HACKER Q&A
📣 KingOfCoders

Why are Intel E-Cores 1/4th the size of P-Cores


I've searched the internet and all explainations pn E-Cores and P-Cores are shallow ones. Non explained why the E-Cores are so much smaller. Less cache? What functionality are they missing? AVX-512?


  👤 toast0 Accepted Answer ✓
Among other things, they do less per clock, which likely means fewer adders and other compute units, smaller storage to support a smaller amount of out of order operations, etc.

The E-Cores are an extension of the Atom cores, so you may be able to find older articles comparing their die size and structure to 'Core' cores.
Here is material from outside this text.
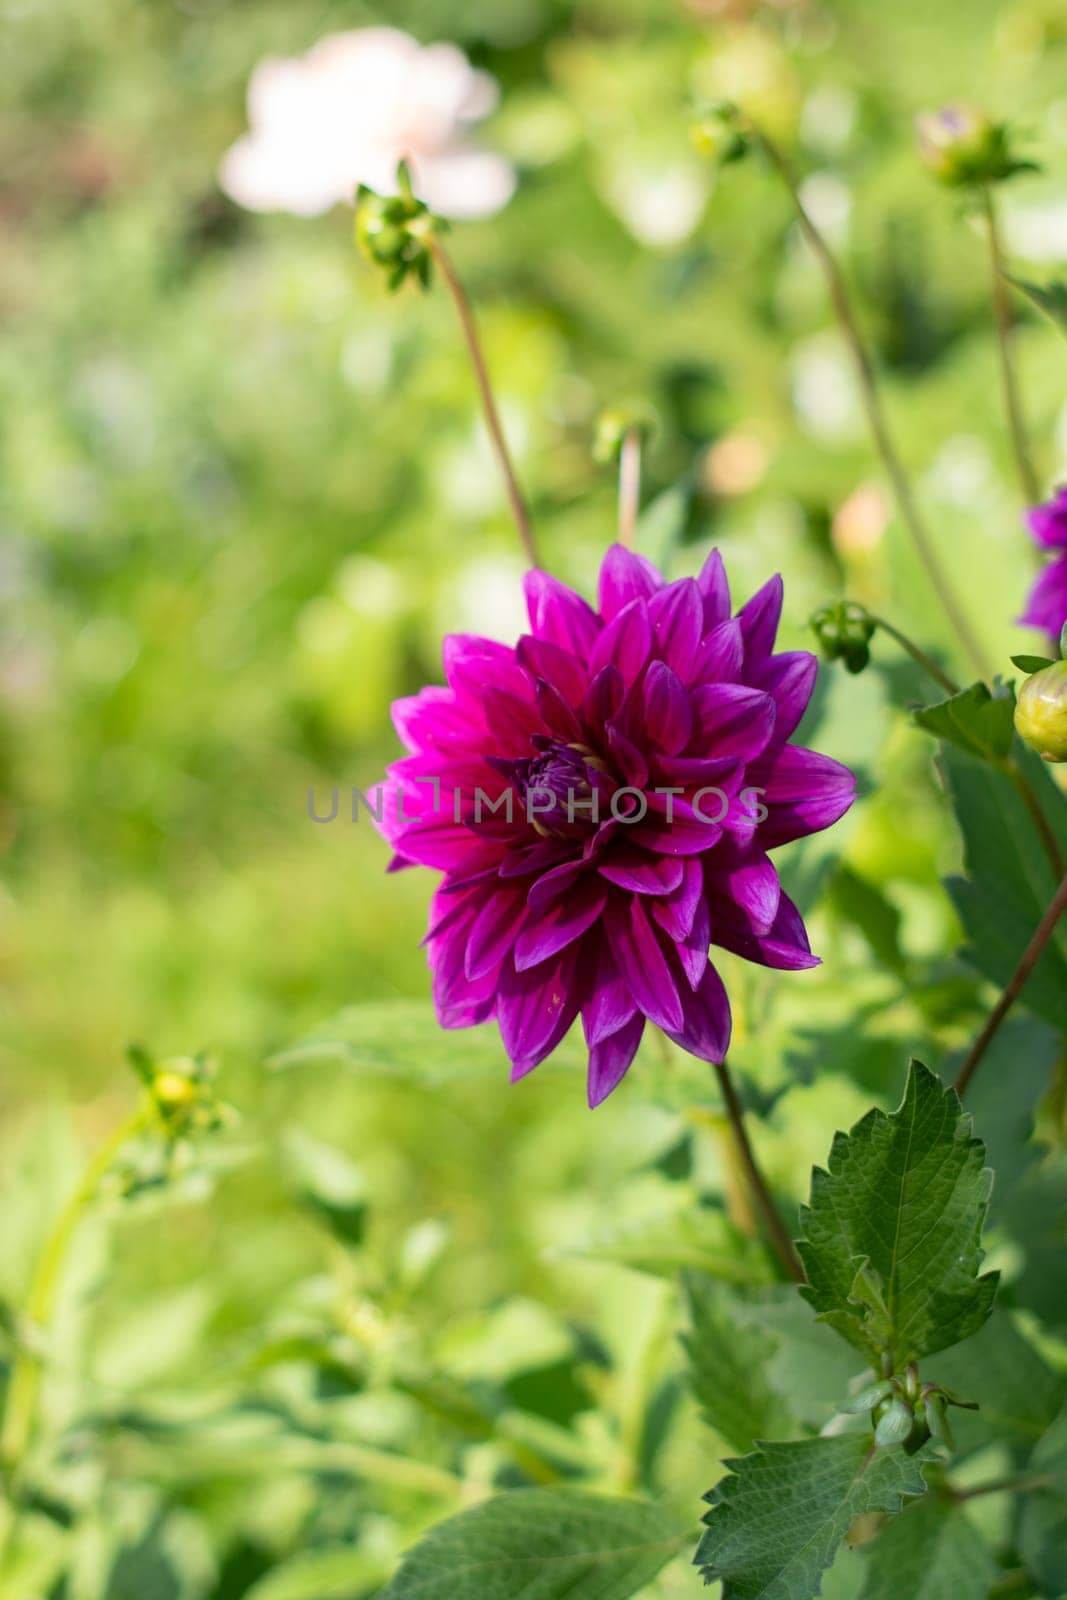 Purple decorative luxury, Thomas Edison dahlia in bloom in the summer garden, natural floral background, High quality photo

They've been about 1/3rd to 1/4th the size and around 1/2 the performance of similar age designs through most of their lifetime.


👤 Tsiklon
I would imagine the P-Cores have other dedicated circuitry for various features that the E-Cores lack. I believe the intent for this hetrogenous setup is to be akin to the big.LITTLE topology used in ARM systems.
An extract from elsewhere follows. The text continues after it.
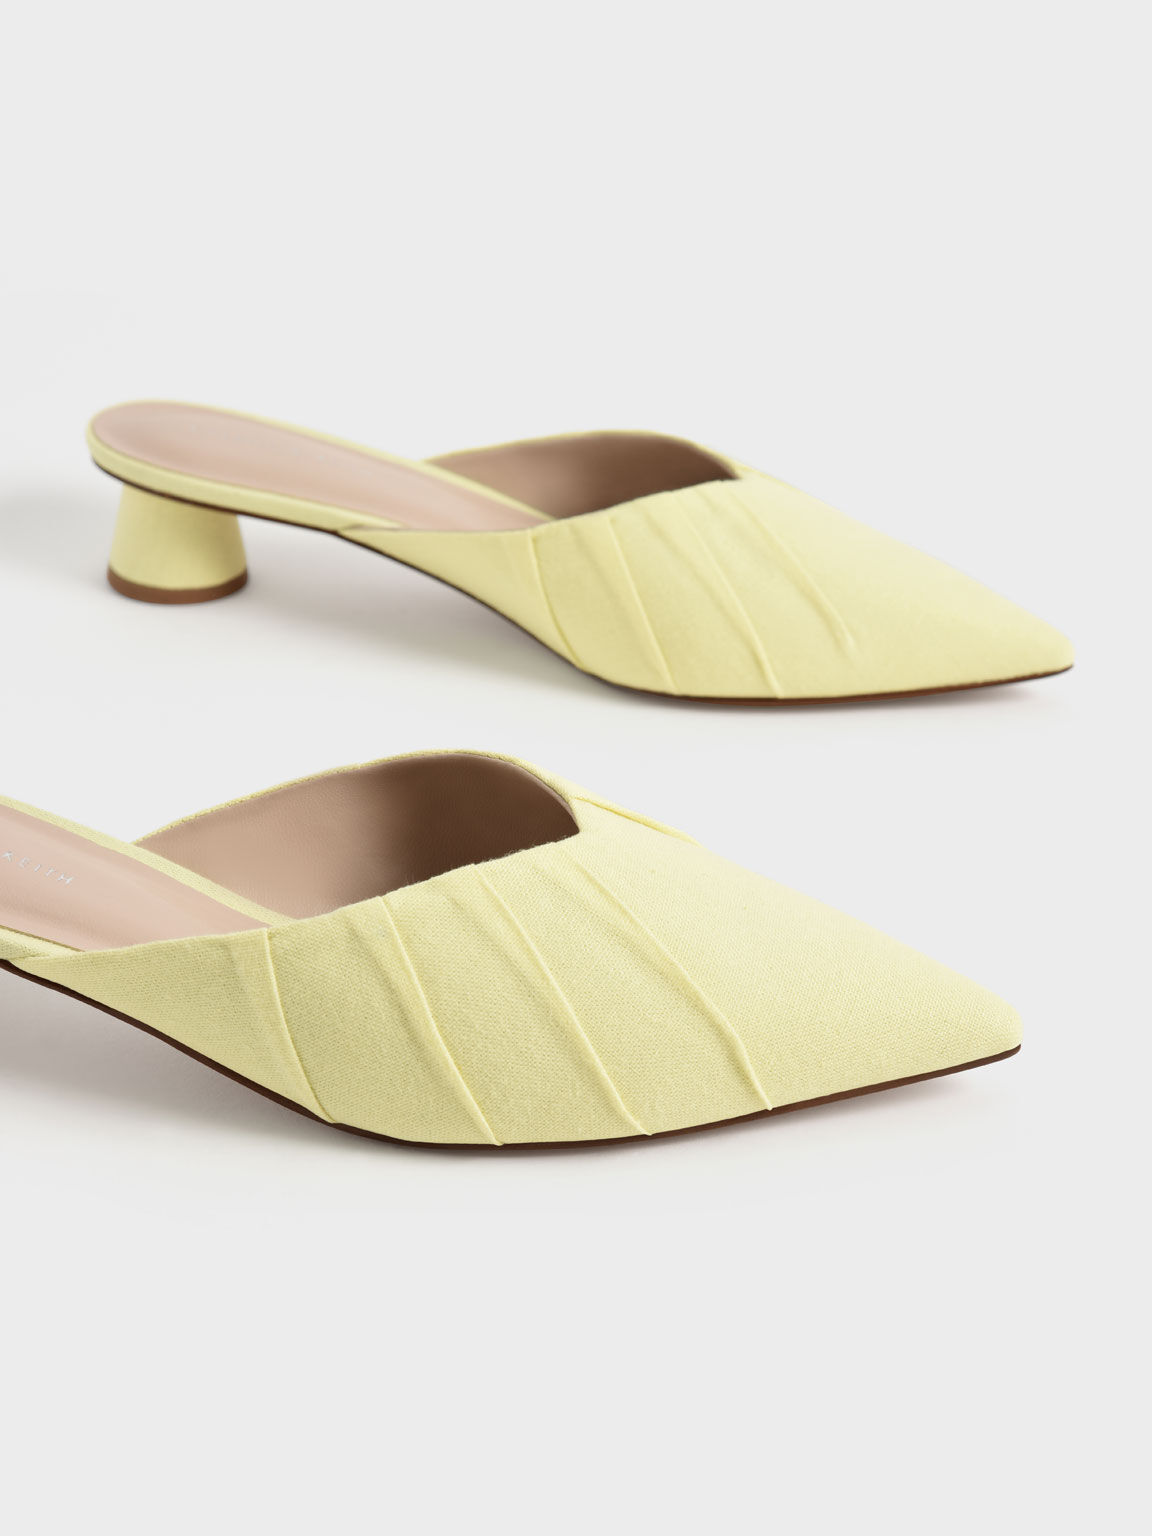 Linen Ruched Cylindrical Heel Mules, Yellow, hi-res

Personally I'd like to see Linux/Windows perform when if scheduled to exclusively run on the E-Cores.


👤 HelloNurse
Any reduced functionality implies reduced area: the interesting question is choosing features given some area and power objective.

For example, fast (and hot) AVX-512 with a large area, slow AVX-512 with a reduced area, or no AVX-512: having the extension on the P-Cores only was deemed enough.


👤 n7pdx
Less cache, much smaller OOO window, AVX-512. E-core is an area play so Intel can score some multi-thread benchmarketing wins on integer heavy code that don’t have larger memory/cache footprints, don’t require much speculative depth, and naturally have high amounts of ILP. They completely fall flat on plenty of workloads. And the way Intel runs them is absurd: 10+ watts per e-core just to eek out a MT win is pure absurdity.

Until Intel has a p-core that isn’t grossly obese, they have no option but to spam e-cores just to make powerpoint slides.


👤 machinekob
No AVX-512, less cache, lower frequency only one thread per core.